Jared Oliva almost quit before his baseball career took off
Arizona outfielder Jared Oliva (42) celebrates after game three of the series against McNeese State on Feb. 26 at Hi Corbett Field. The Wildcats won 12-5.
Jared Oliva’s path to becoming a key member of the Arizona baseball team and a top Pac-12 talent has been unlike your typical success story. In fact, his journey and achievements almost never materialized, as he at one point mulled over the idea of quitting baseball altogether.
Despite Oliva’s impressive physical prowess and natural feel for the game, he came to the UA as a preferred walk-on after only playing a handful of varsity games at his high school in Valencia, Calif.
Oliva attended the highly-competitive Valencia High in northern Los Angeles where he had to fight for playing time in a crowded and talented outfield, consisting of a few players who went on to play at the University of San Diego, San Diego State and the University of Oregon, among others.
Still, Oliva felt he deserved an opportunity merited by his relentless work ethic in conjunction with God-given abilities. However, the coach’s outlook did not match Oliva’s, as Oliva played only ten games his junior year and just slightly more his senior season.
“We had a talented team,” Oliva said. “Was I the same player that I am right now?
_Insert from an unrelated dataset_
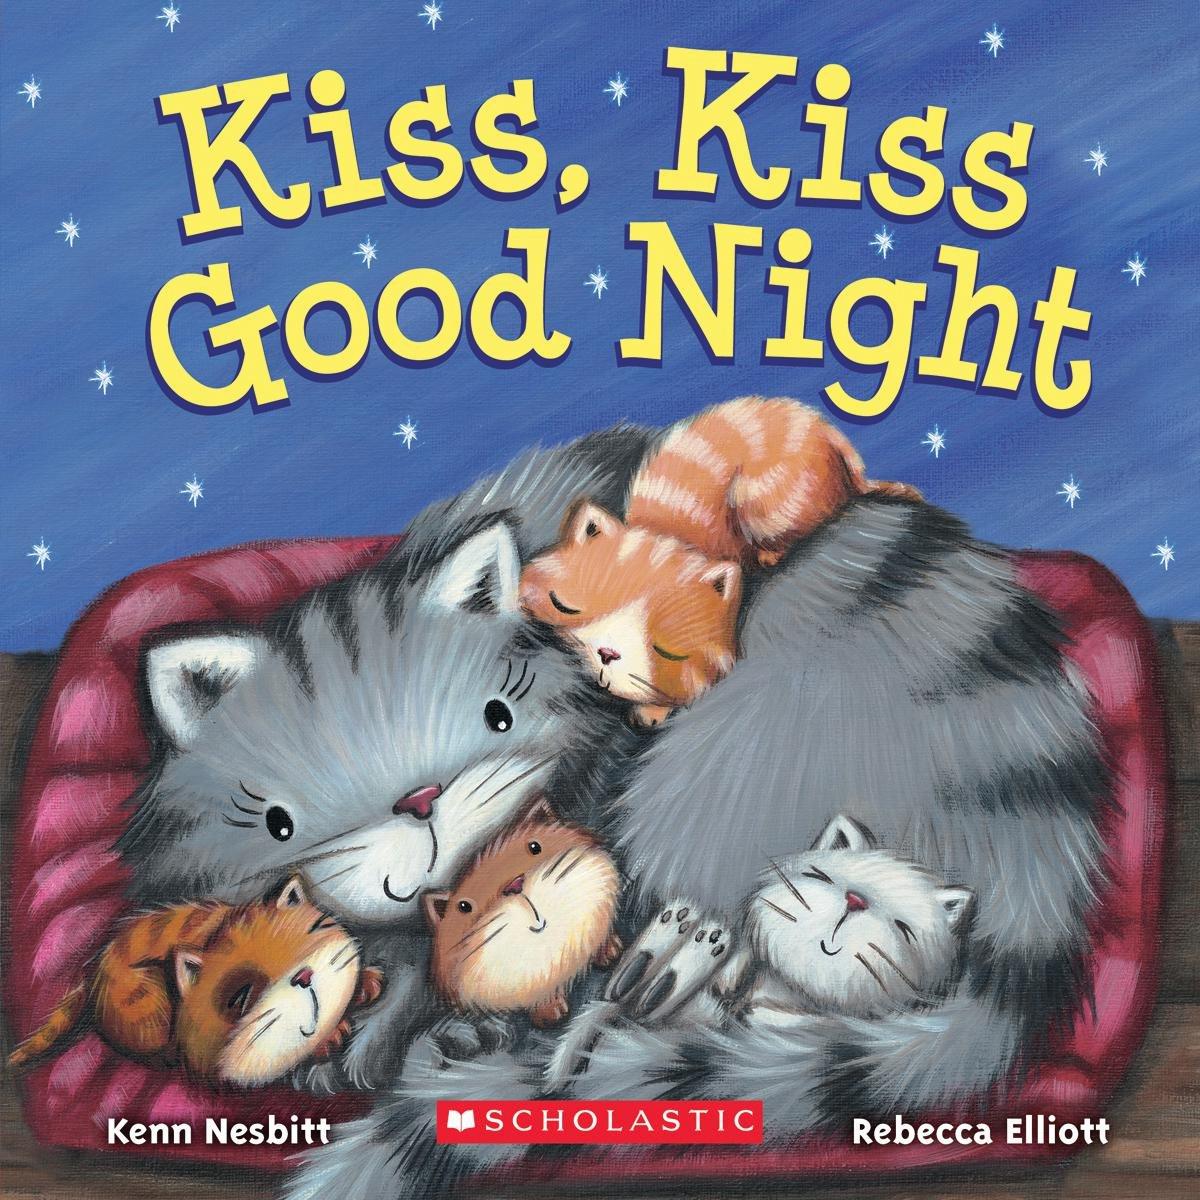 Good Night Kiss Cartoon Images

No. But I still had the talent and the tools and work ethic. I feel like I was ready to go if I got a shot and it didn’t happen. For some reason [the coach] decided to not have me in the lineup.”
Despite limited playing time in high school, Oliva still believed he could play division one baseball as opposed to playing at a local junior college or at a lower level school. While he believed in himself and trusted his abilities, uncertainty of the future proved to be a difficult reality.
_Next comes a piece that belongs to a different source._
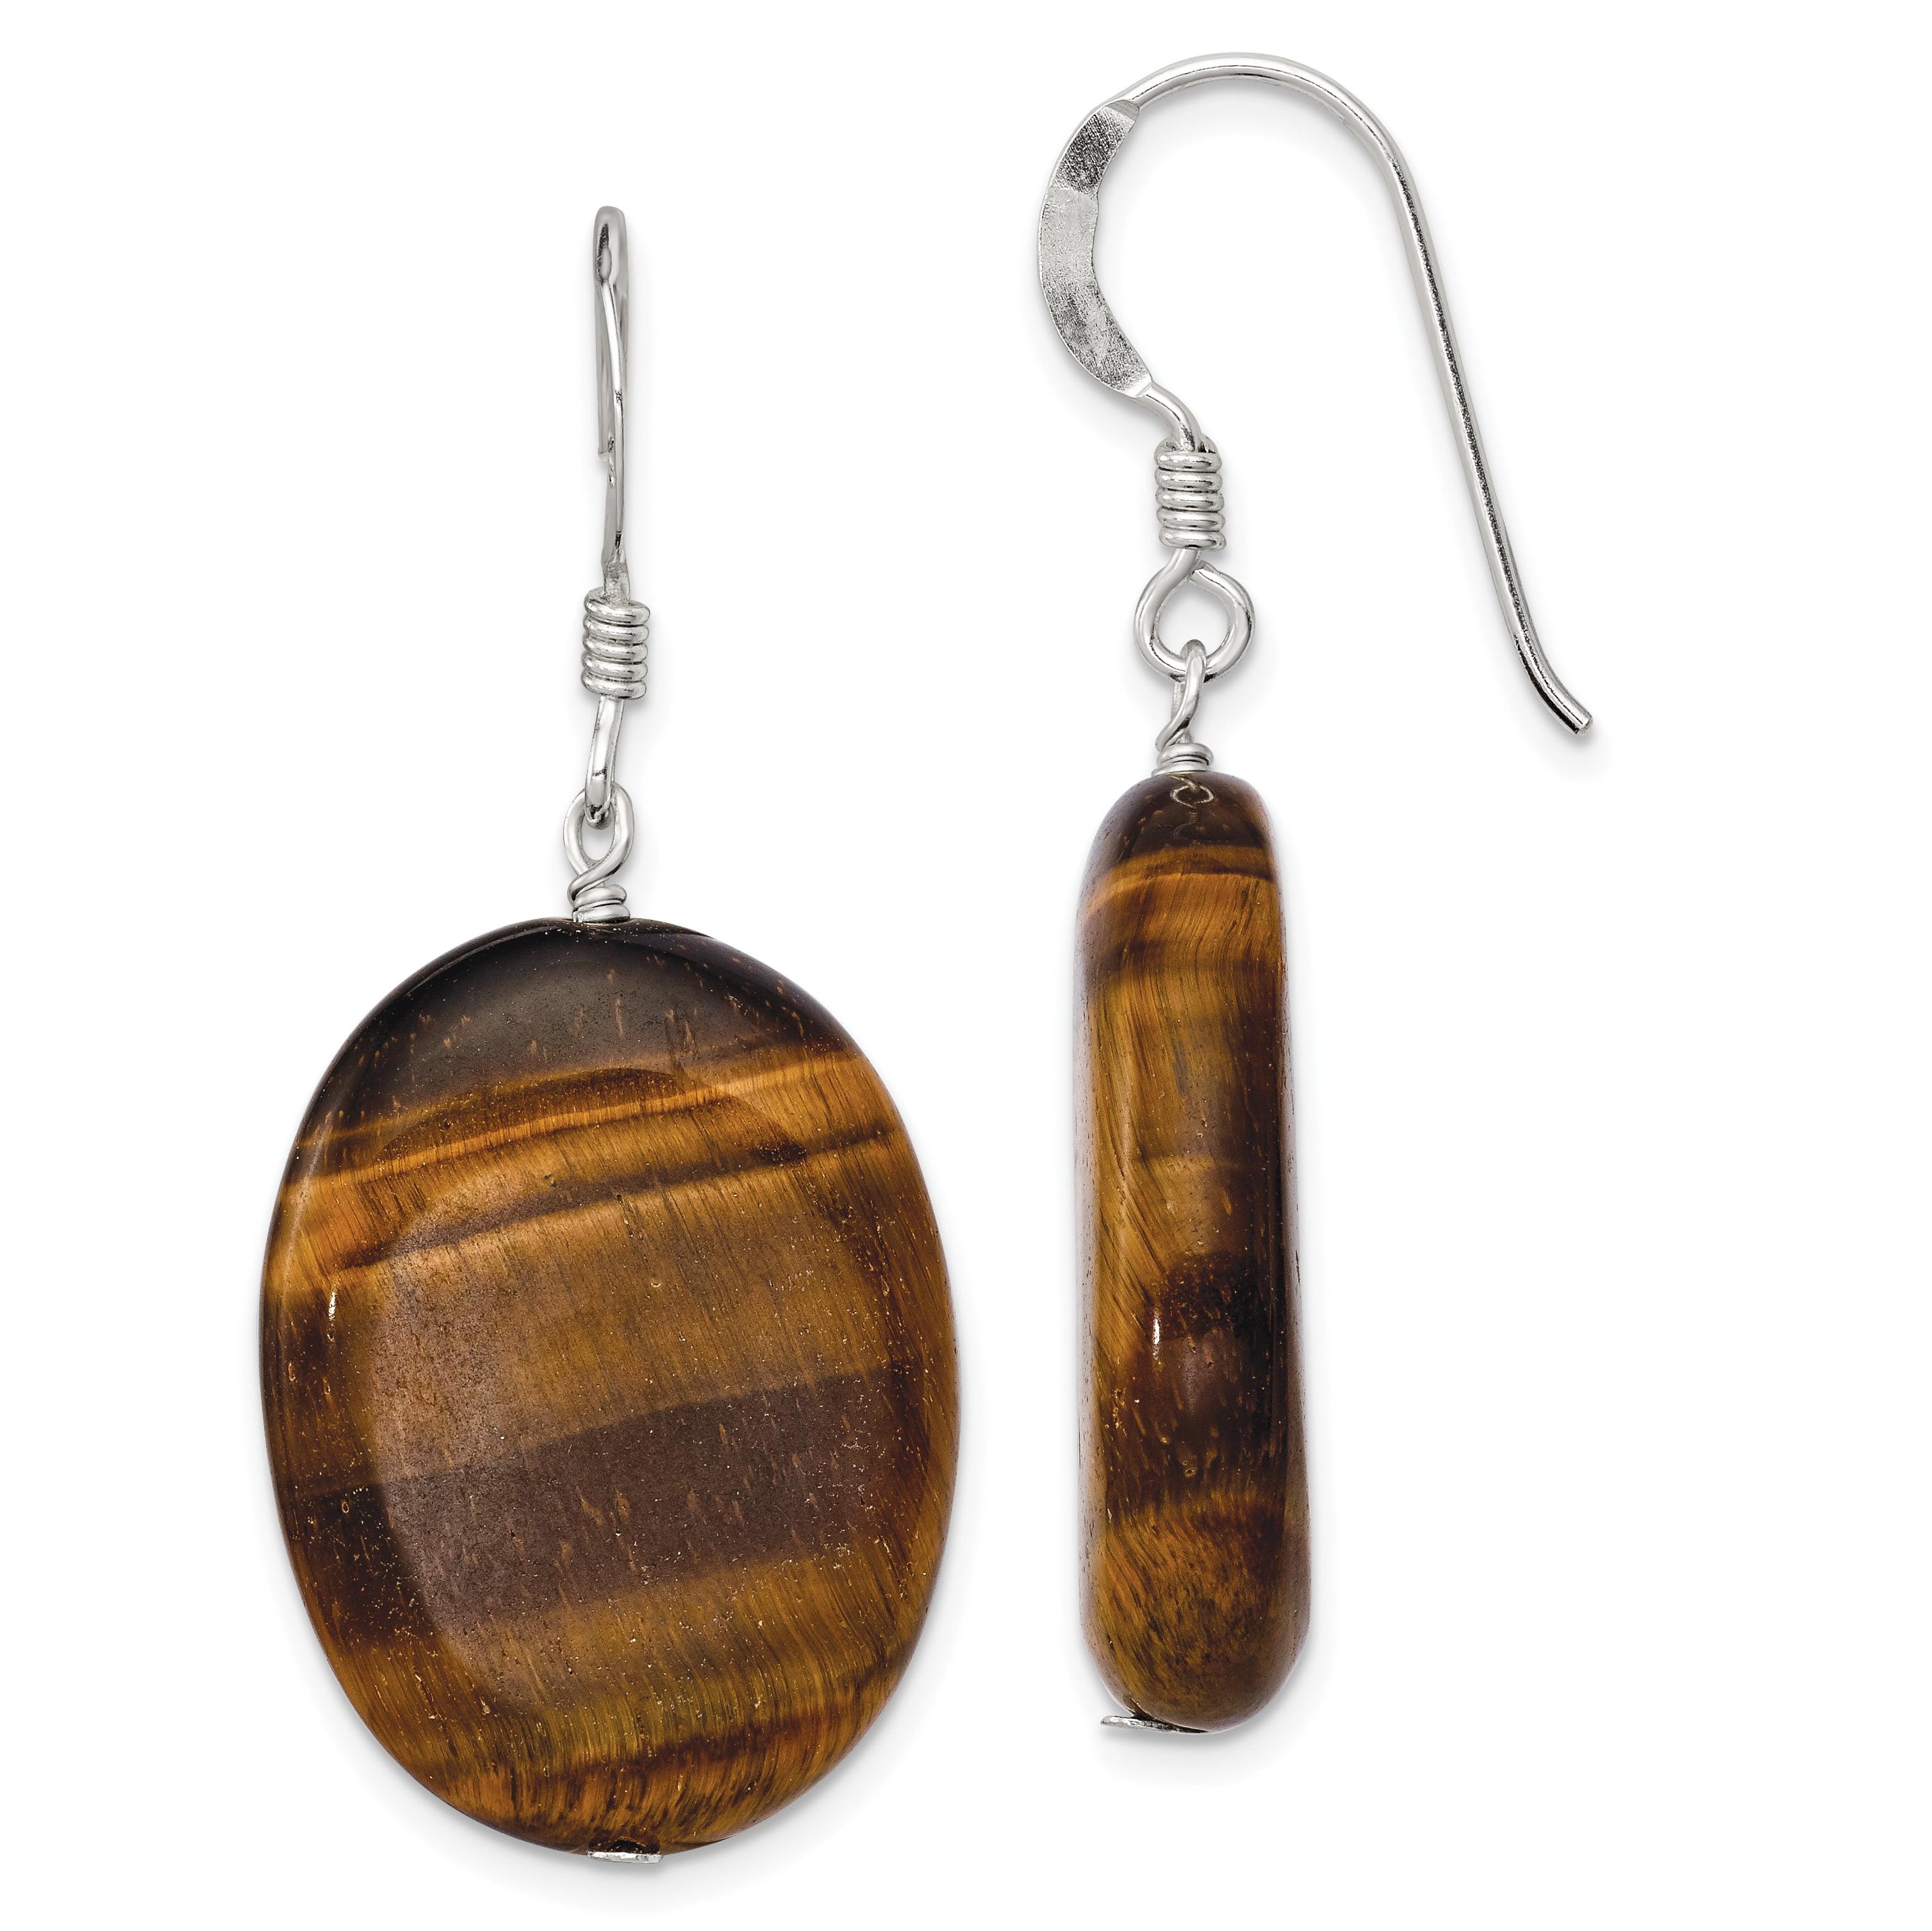 925 Sterling Silver Tigers Eye Drop Dangle Chandelier Earrings Fine Jewelry Gifts For Women For Her - image 2 of 2

“It was a big obstacle and [it] really tested me,” Oliva said. “First off, do I want to continue playing baseball? It was tough at the time going through senior year wondering where I’m going to play next year.”
Oliva still attracted the attention of collegiate programs after participating in summer showcases, among which included Arizona, resulting in an invite to a private workout session with then assistant coach Shaun Cole. However, Oliva’s high school coach once again almost undermined his future in baseball.
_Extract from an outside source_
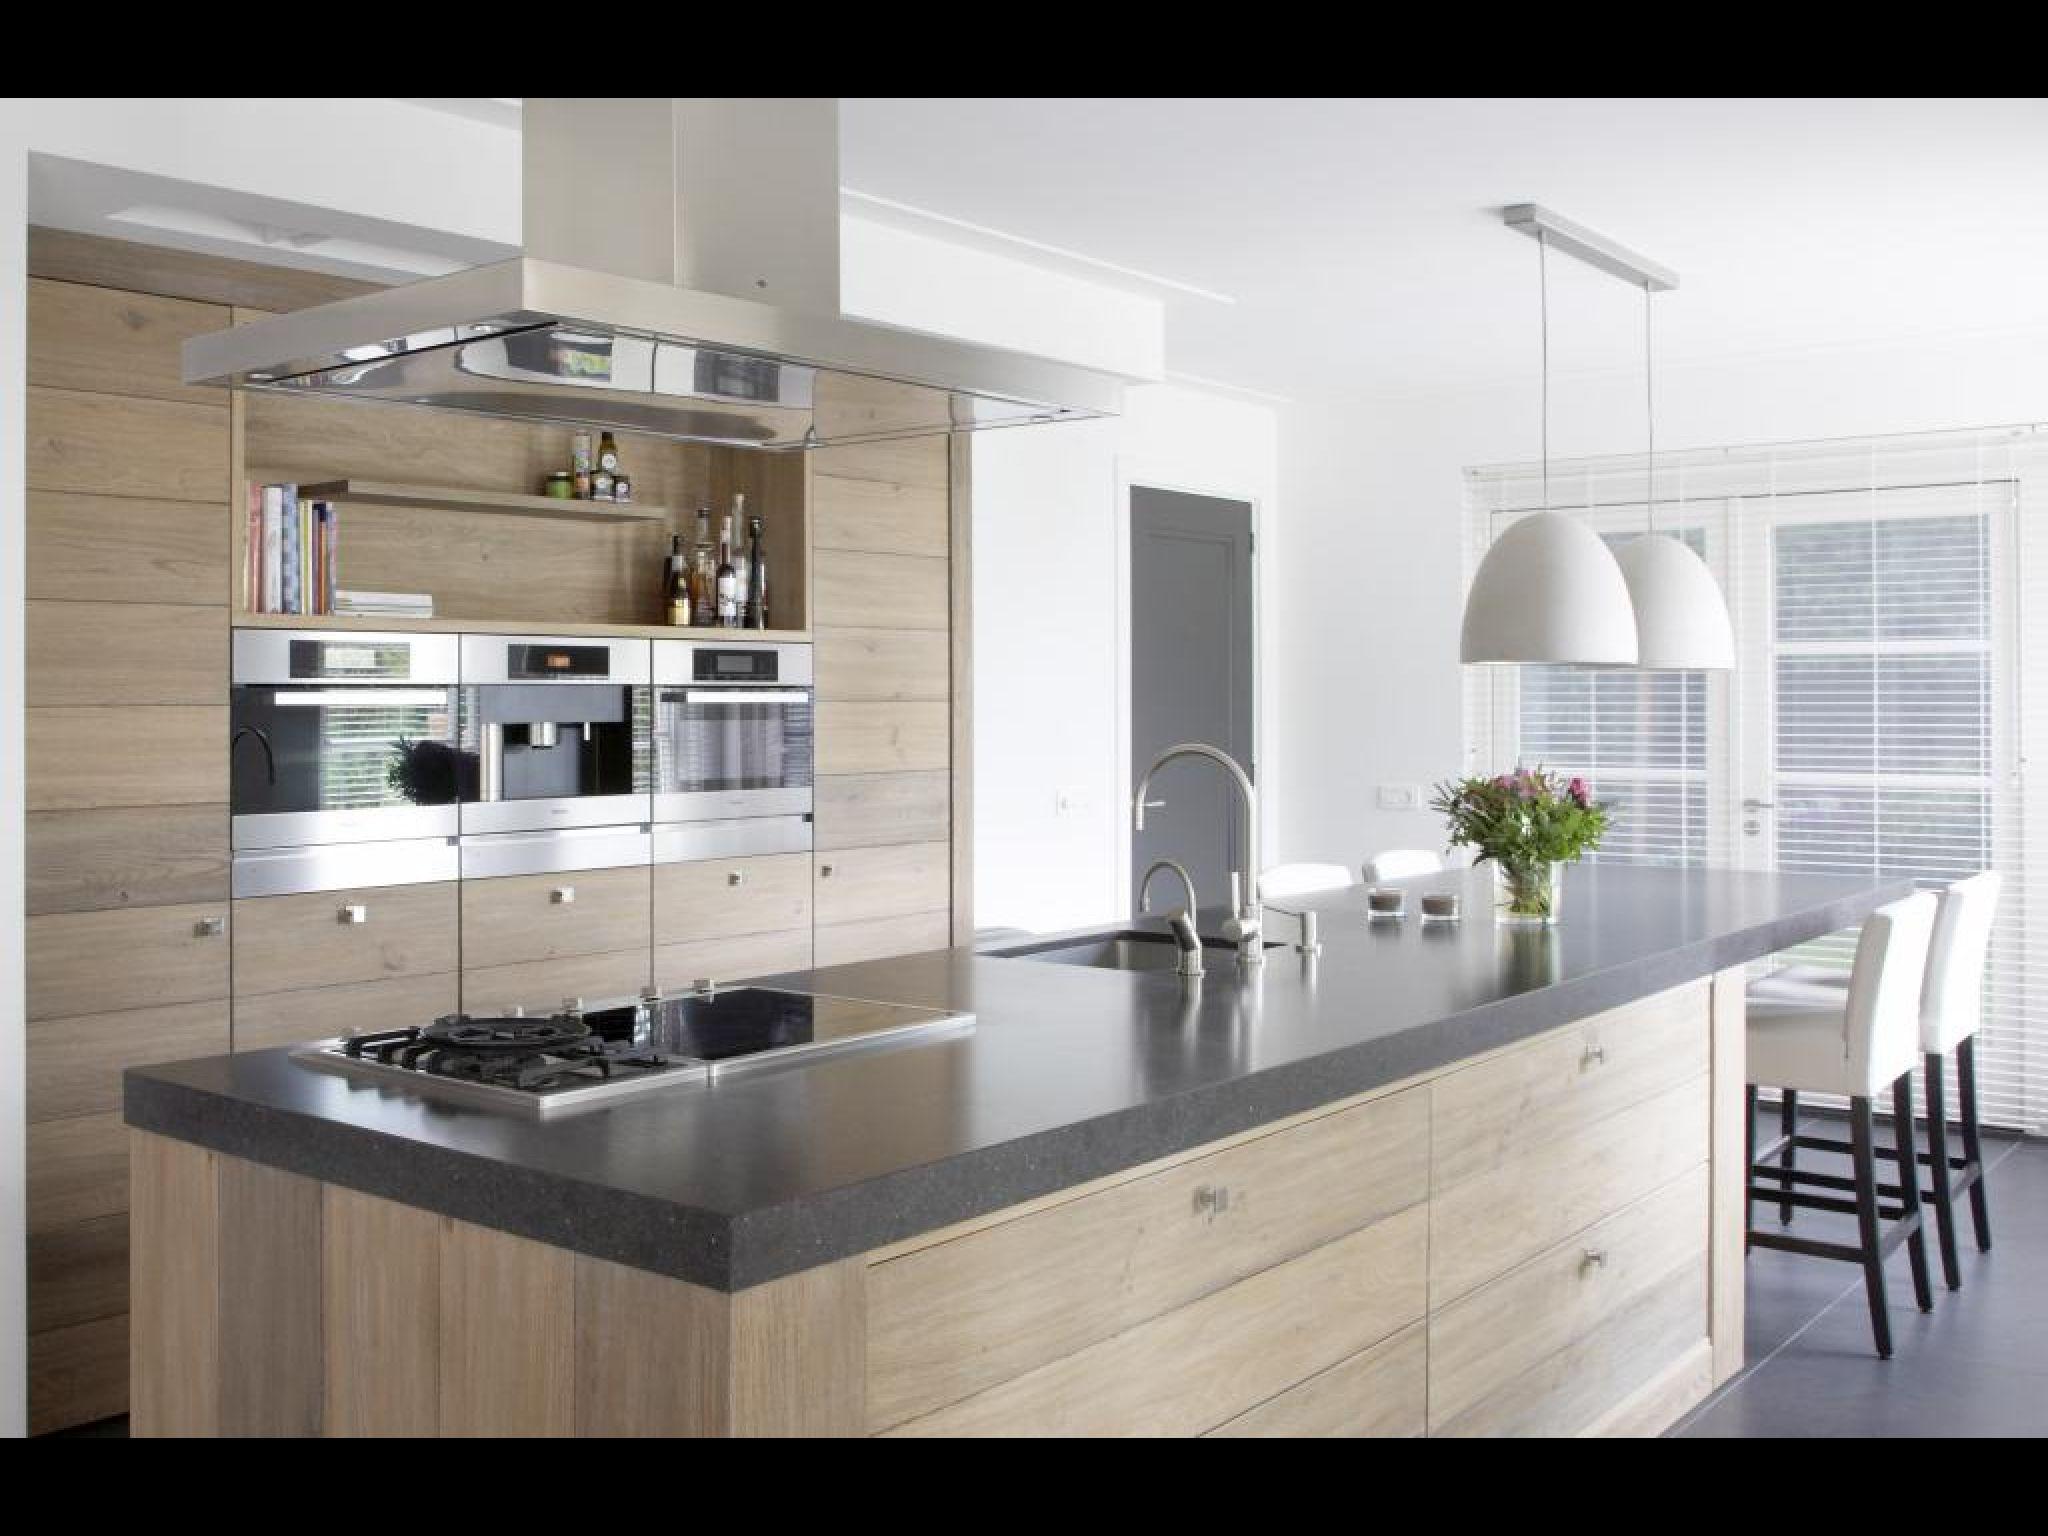 Keuken Ideeen Landelijk : Landelijk modern tinello keuken modern keuken

“I told my high school coach about it and he said he would call [coach Cole] who was here at the time,” Oliva said. “Basically he said ‘you don’t want this guy, he’s not going to play in my program.’ Sure enough, I came here and talked to the coach and after a day I showcased batting practice and all the typical stuff, [coach Cole] pulled me aside and asked if he had the right guy. He called [my high school coach] back to make sure they were on the same page. After that he basically offered me a walk-on spot and the rest is history.”
After redshirting his freshmen year, Oliva had an impressive first season with UA in 2015 when he hit .272 with 20 RBIs, 22 runs and four stolen bases. Despite the momentum, the last season’s performance couldn’t match, in which he hit .240 with four home runs and 36 RBIs.
Throughout his first two years, Oliva had shown glimpses of five-tool player capability, but this season, he’s starting to put it all together. Now batting at the top of the order and playing centerfield every day, Oliva has hit .337/.403/.546 with four home runs, 43 RBIs and 43 runs while playing exceptional defense and causing havoc on the base paths with his above-average speed.
Oliva attributed his resurgence at the plate to a tweak to his load during the offseason that has allowed him to see the ball better.
“The biggest thing was when I would load back, I was turning my shoulders,” Oliva said. “I would lose the ball with my eyes. Coach Johnson pointed that out to me really early in the fall so I made that staple to always focus on, keeping my right eye — my dominant eye — locked in on the pitch and all the sudden I’m seeing the ball a lot better.”
Coach Jay Johnson has certainly seen the evolution of Oliva’s game since taking over for Andy Lopez two years ago. Johnson has raved about his discipline and even likened the outfielder to an MLB superstar who also impacts the game in multiple ways.
“There was a stretch of 12 to 15 games last year where Jared wasn’t starting, [but] I would not trade him for anyone in the country right now,” Johnson said. “He’s our Mike Trout if you will. That wasn’t the case a year ago. His work ethic and how he goes about everything he does with his athletic tools have now led to this development.”
Even more impressive is the way Johnson describes Oliva’s character. “I hate saying this because it sounds like the teacher’s pet but if I had a kid and you could tell me he’s going to be like one of these people, Oliva would be the guy I would choose,” Johnson said.
Oliva will most likely be the second Wildcat drafted behind JJ Matijevic in the upcoming 2017 MLB Draft in June. Now, as Oliva prepares for another postseason run with UA, he makes light of the situation with his former high school coach who almost derailed his baseball career, but admitted the situation gave him an edge and a sense of determination that has gotten him to this point.
“I won’t lie to you, it gave me a chip on my shoulder,” Oliva said. “Right now I don’t think too much about it at all. It’s made me develop that work ethic, perseverance and to be humble about everything. Looking back on it, I realize more and more how lucky I am to be here.”